Trump’s trade war is as big a threat to us as Brexit
SHOOTING wars are destructive. Trade wars are too. Though the latter may not involve bombs and bloodshed, when governments starting blocking cross-border commerce, lives and livelihoods are ruined. In the 1930s, Ireland’s ‘economic war’ with Britain, then the country’s largest trading partner, did just that.
Although not widely known, Ireland’s largest national trading partner today is the US. Worryingly, we are on the brink of a trade war with that country. This is as big a threat to the economy as Brexit, and if the slide to war continues at its current pace, its impact will be felt much sooner than the effects of Britain’s departure from the EU.
Today, the Taoiseach will go to the White House to meet the man responsible for bringing about this utterly unnecessary state of affairs. Leo Varadkar has been making the point in Washington this week that both Europeans and Americans will lose out if the EU and the US descend into a tit-for-tat series of tariff impositions on each others’ goods and services. He will need the legendary luck of the Irish, and much else besides, if he is to stop the slide towards transatlantic commercial conflict.
US President Donald Trump has a long record of spouting economically illiterate nonsense about international commerce. As far back as the 1980s, he was railing against Japan because its companies sold more stuff to Americans than the Japanese bought from US ones. He continues to obsess about countries who sell more to the US than they buy from it.
An economy’s trade balance – the difference between the value of exports and imports – with individual countries is of little importance. As long as an economy is not spending much more on imports from ALL countries combined than it earns from exports, it has little to worry about economically. The US has nothing to worry about in that regard because it can easily afford to run the smallish international payments deficits it has been running with the rest of the world in recent years.
Despite this, Trump suddenly announced last week that the US would hit foreign steel and aluminium imports with hefty additional taxes with a view to bolstering American metal producers. As with much else, the measures were announced on the hoof and there is much that is uncertain about how, where and when they will be implemented.
As Ireland doesn’t have a steel industry, there is no direct and immediate threat from the first measure, but 450 people work at the country’s sole aluminium plant in Limerick. The Russian-owned company was not returning calls yesterday, but any disruption in the sector globally cannot be good.
Other European countries will be affected more if the steel and aluminium tariffs are imposed. As international trade policy is conducted by Brussels on behalf of all EU member countries, Europe will respond collectively.
As it happens, the EU embassy in Washington DC was prepared for Trump’s protectionism. It keeps a close eye on the big employers in American politicians’ electoral districts so they can ensure maximum leverage over congressmen and senators if the US tries to impose protectionist measures against European producers.

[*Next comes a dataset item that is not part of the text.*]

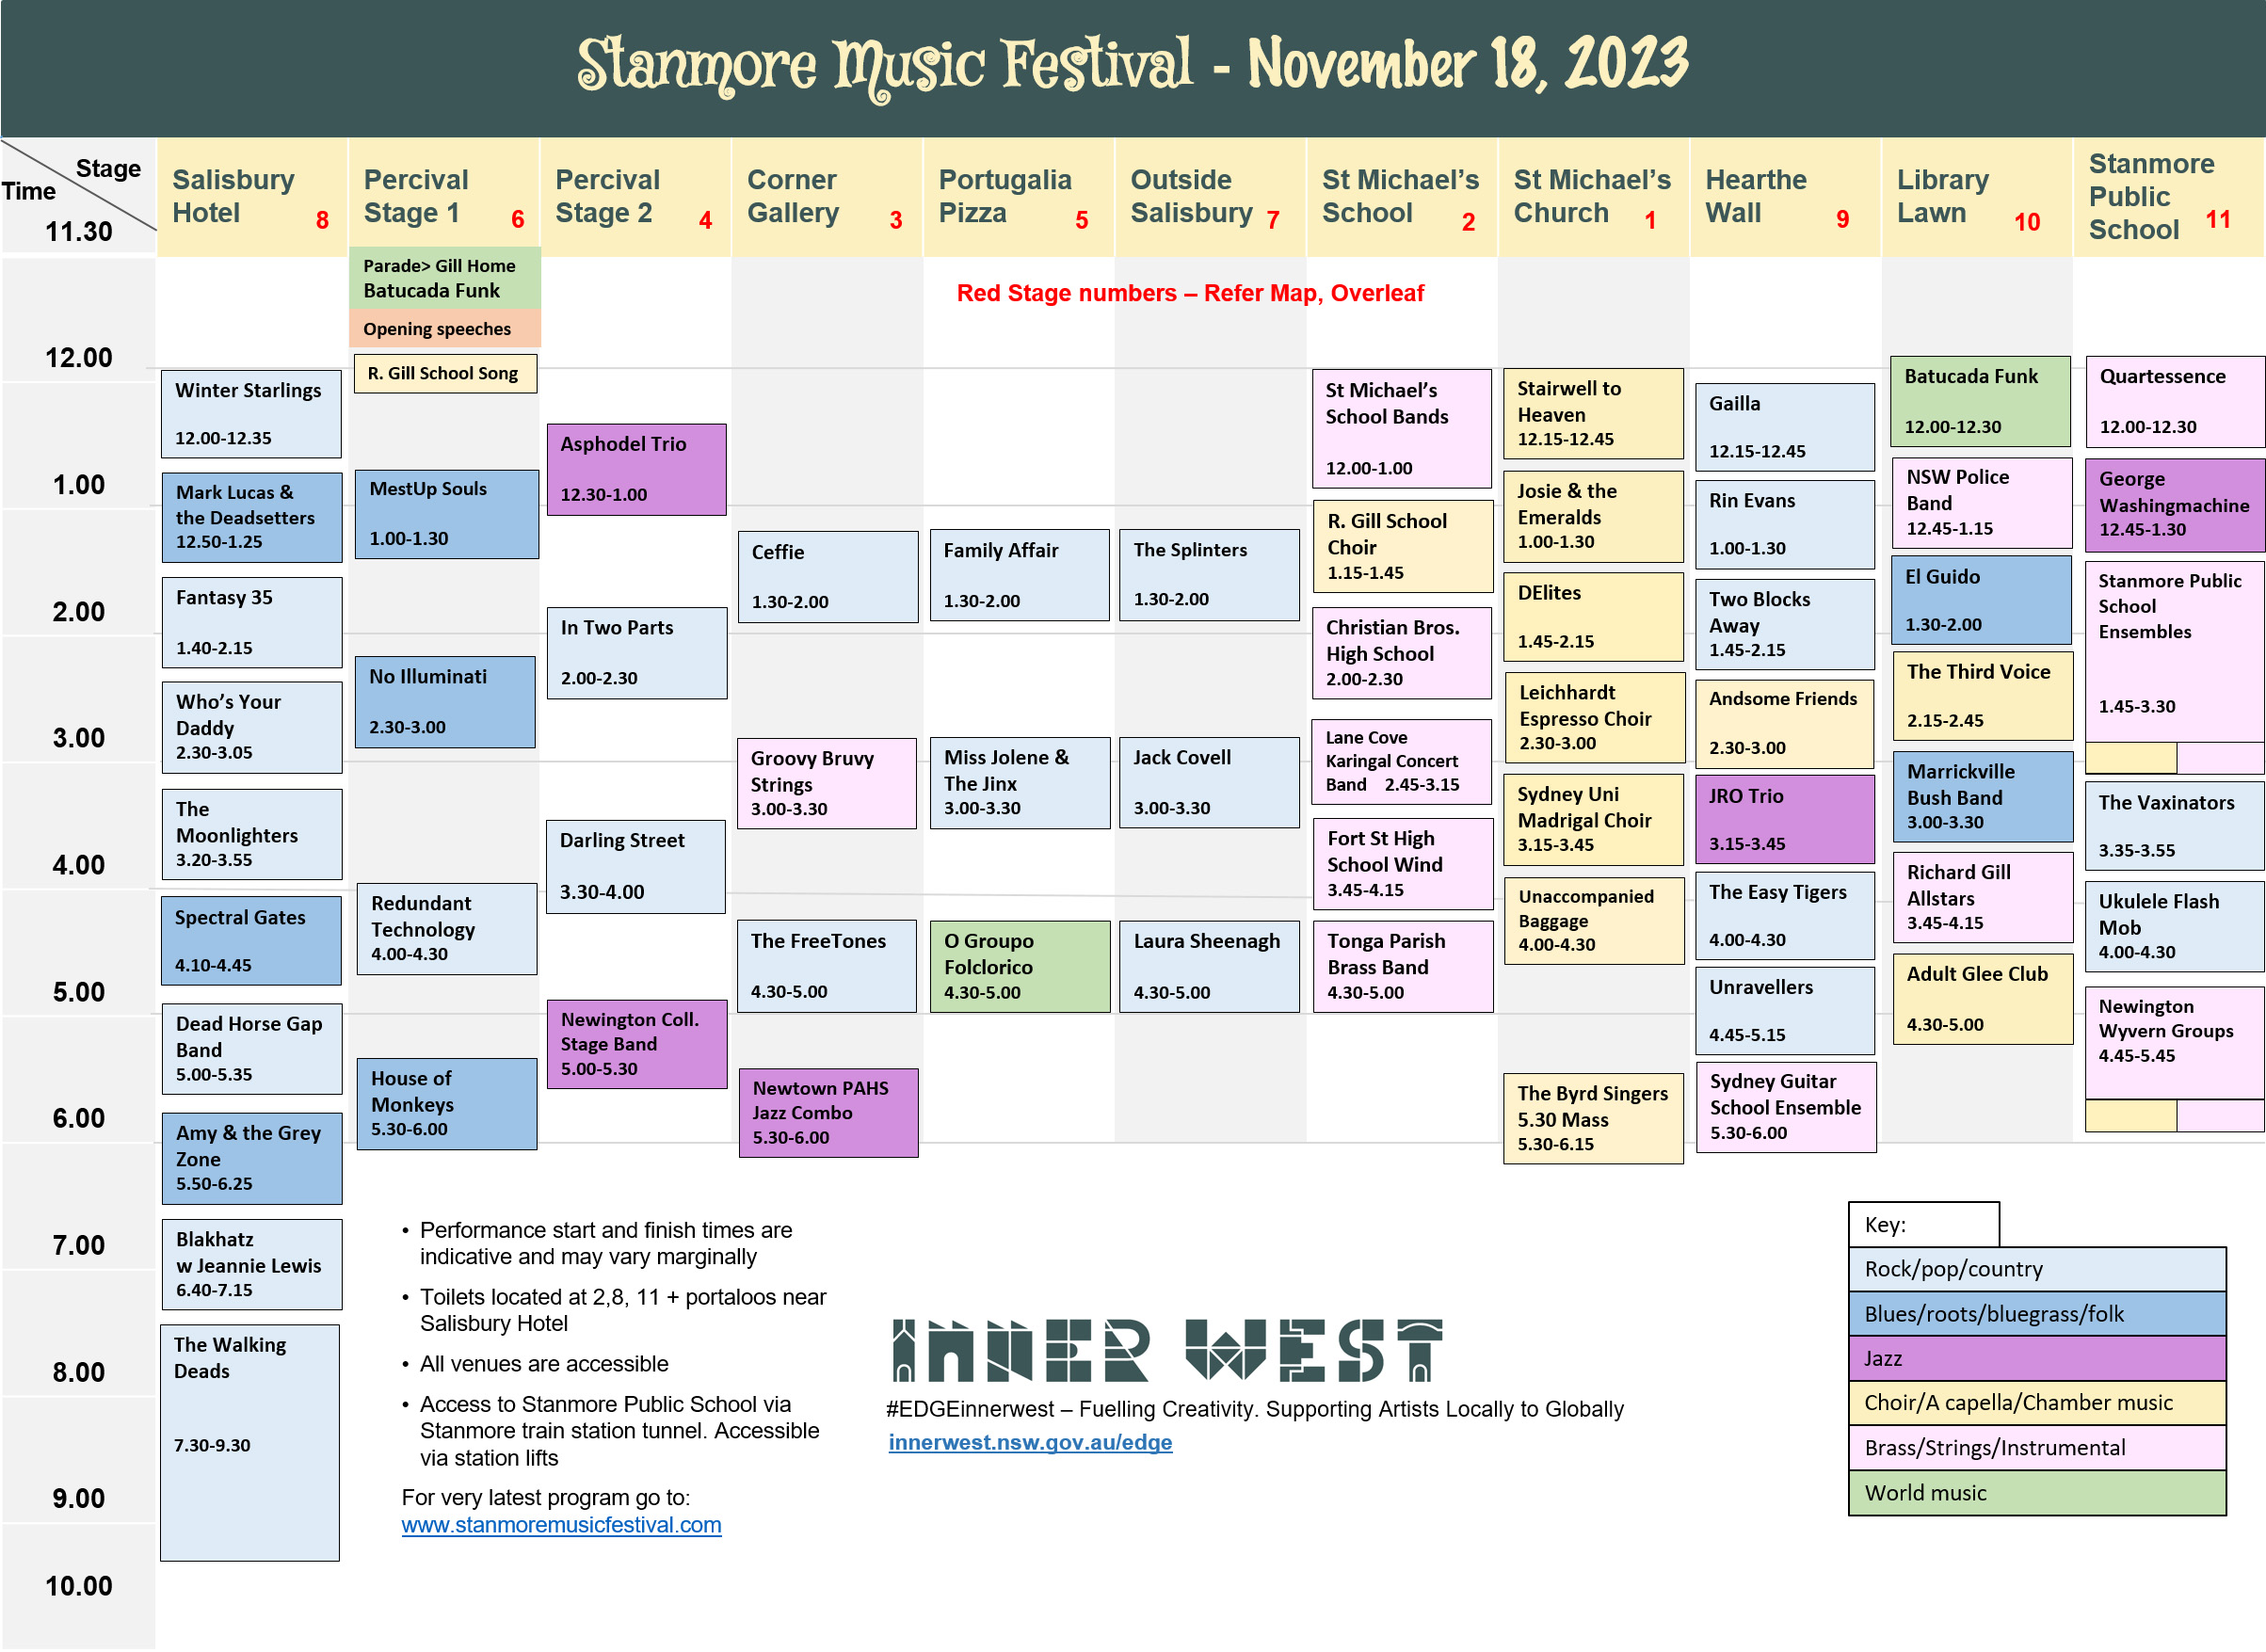 Stanmore Music Festival Program 2023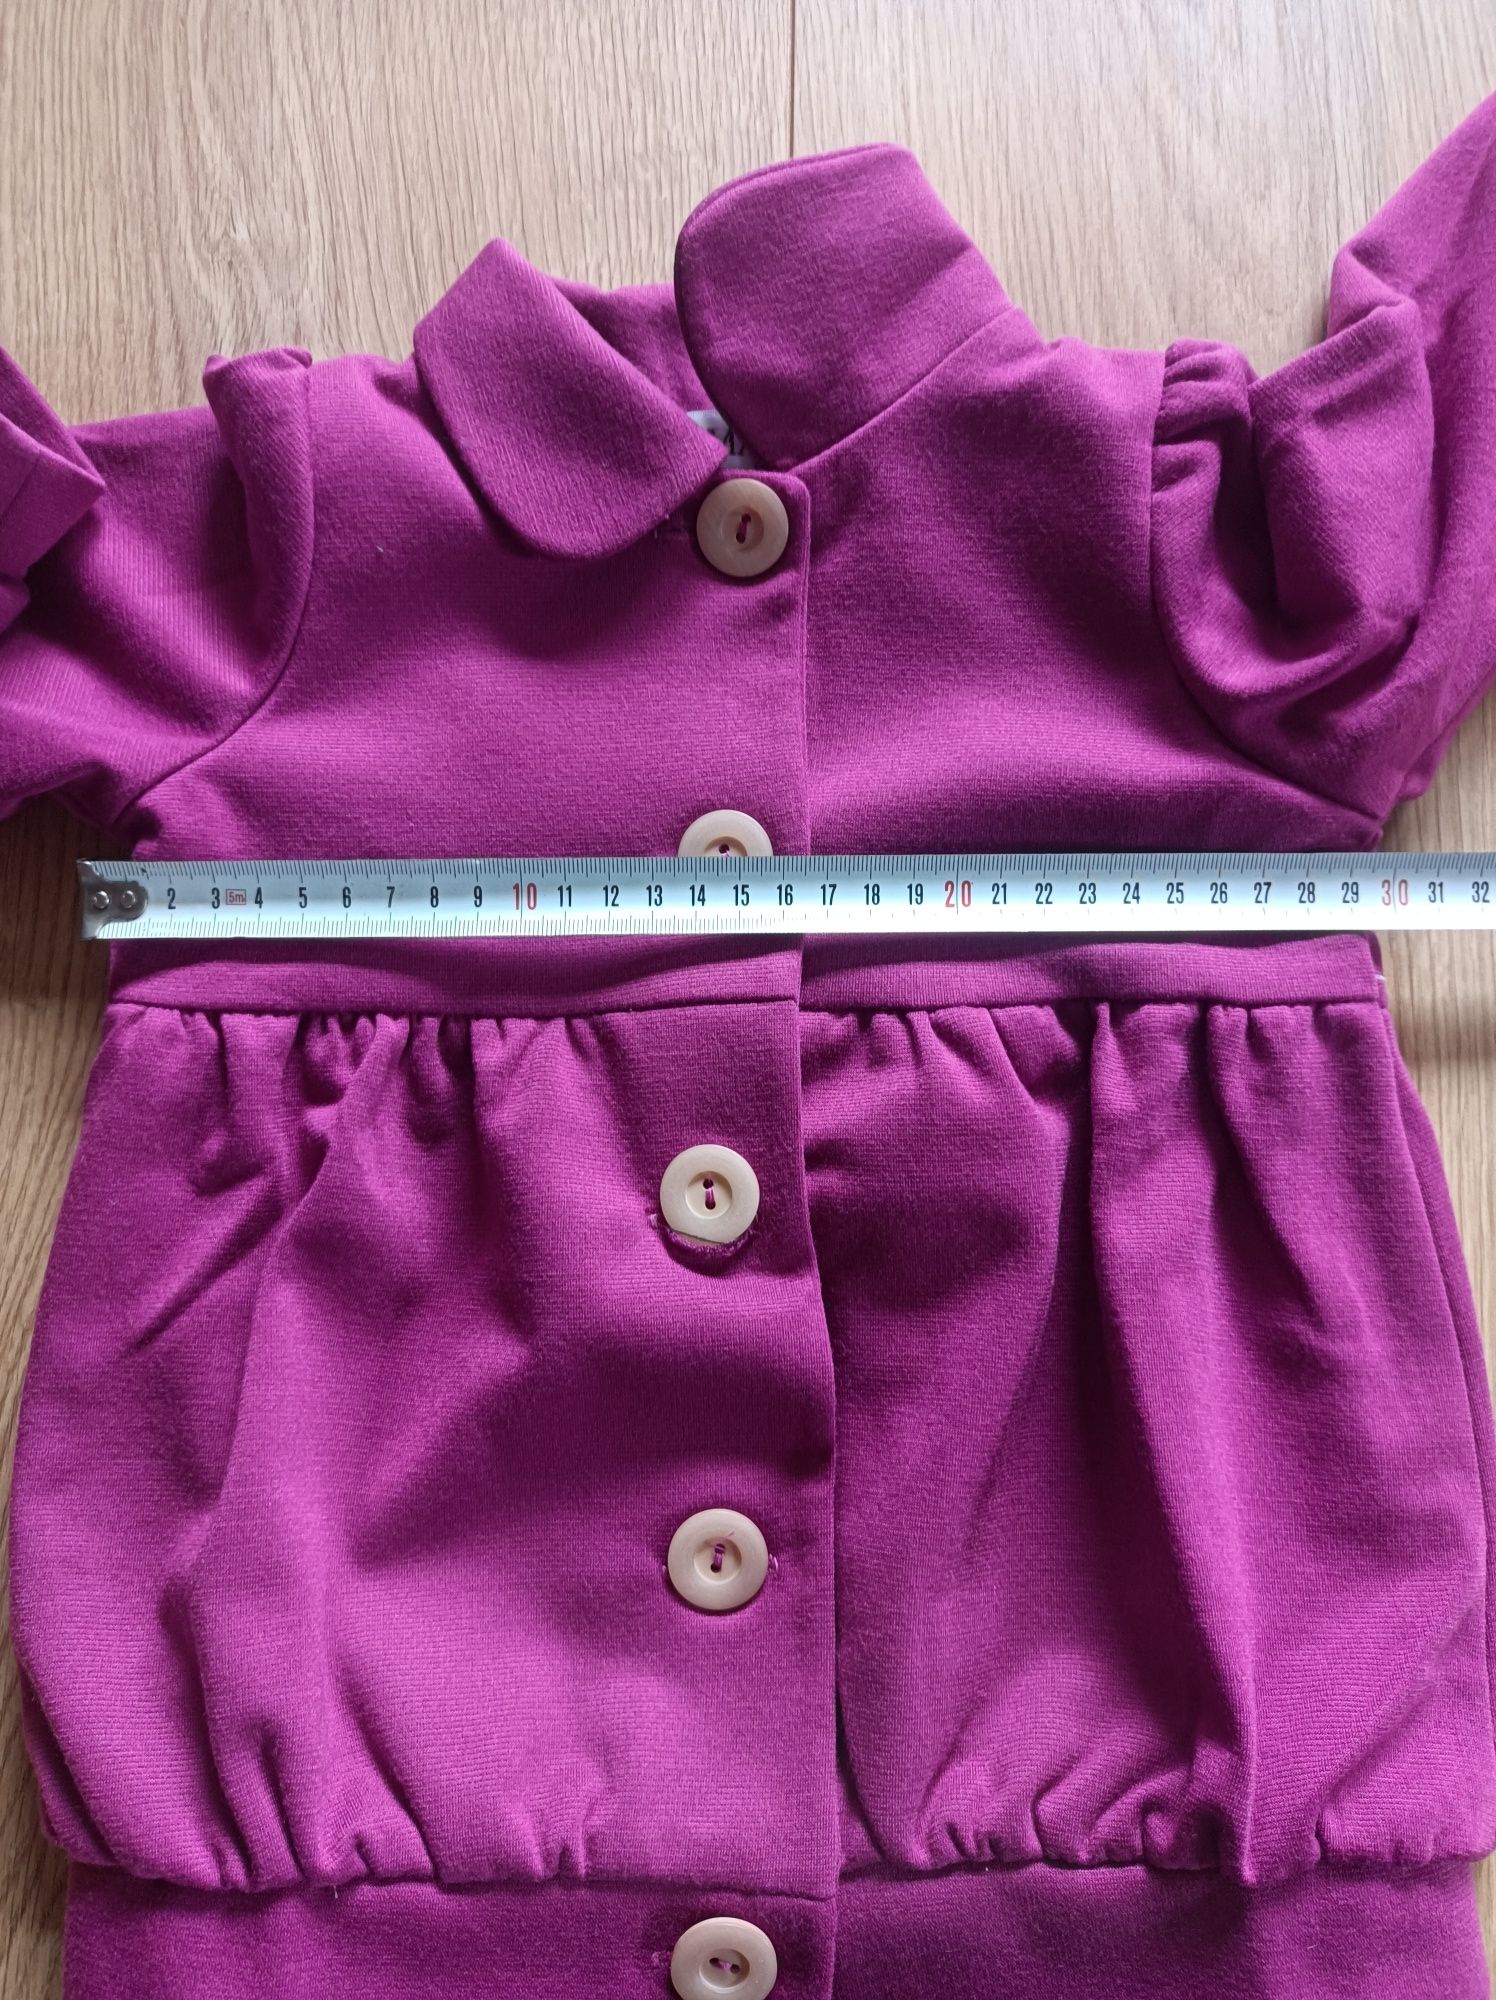 Bluza na podszewce kurtka dla dziewczynki fuksja rozmiar 86

With this information to hand, Brussels immediately signalled that it would hit high-profile American products, including bourbon whiskey and Harley Davidson motorbikes, with retaliatory tariffs.
Trump reacted by saying that he would take further measures if Europe didn’t accept his tariffs and do nothing in return. He has also said that trade wars are “good” and “easy to win”.
He might have to learn the hard way that neither assertion is correct.
The EU may not have the military or political clout of the US, but economically they are well matched – the combined GDP of the 28 member countries slightly exceeds that of the US. Both have huge economic interests in each others’ economies. American companies also sell billions of dollars of goods and services into Europe and millions of jobs depend on that trade. The same is true of Europe.
All this is put at risk by a trade war.
Trump has fired the first shot and the EU will respond, as World Trade Organisation rules permit. If he insists on having the last word, as well as the first, it will inevitably lead to a tit-for-tat cycle of measures which will reduce trade across the Atlantic.
Given that two-way trade in goods and services between the EU and the US is worth around €1tn each year, a substantial reduction in transatlantic commerce has the potential to kill off economic growth in both economies.
It has the potential to do much worse to Ireland. Last year, €33bn in goods were shipped to the US and the value of services exports stood at €15bn in 2016 (the most up-todate figure). Put another way, annual exports to the US equal more than €10,000 for every man, woman and child in the country. You don’t need to be an economist to see that a big reduction in that trade would badly affect every man, woman and child.
YESTERDAY’S employment figures suggest that more people than ever before are at work in the Irish economy, with the prerecession peak having likely been surpassed in the first months of this year. This most welcome news shows that there is plenty of momentum in the economy, a good position to be in with a trade war looming.
But if Trump persists on his current path, that momentum could be extinguished and a deep recession may ensue. With Brexit already threatening a trade whammy to the Irish economy, the risks to the economy are rising.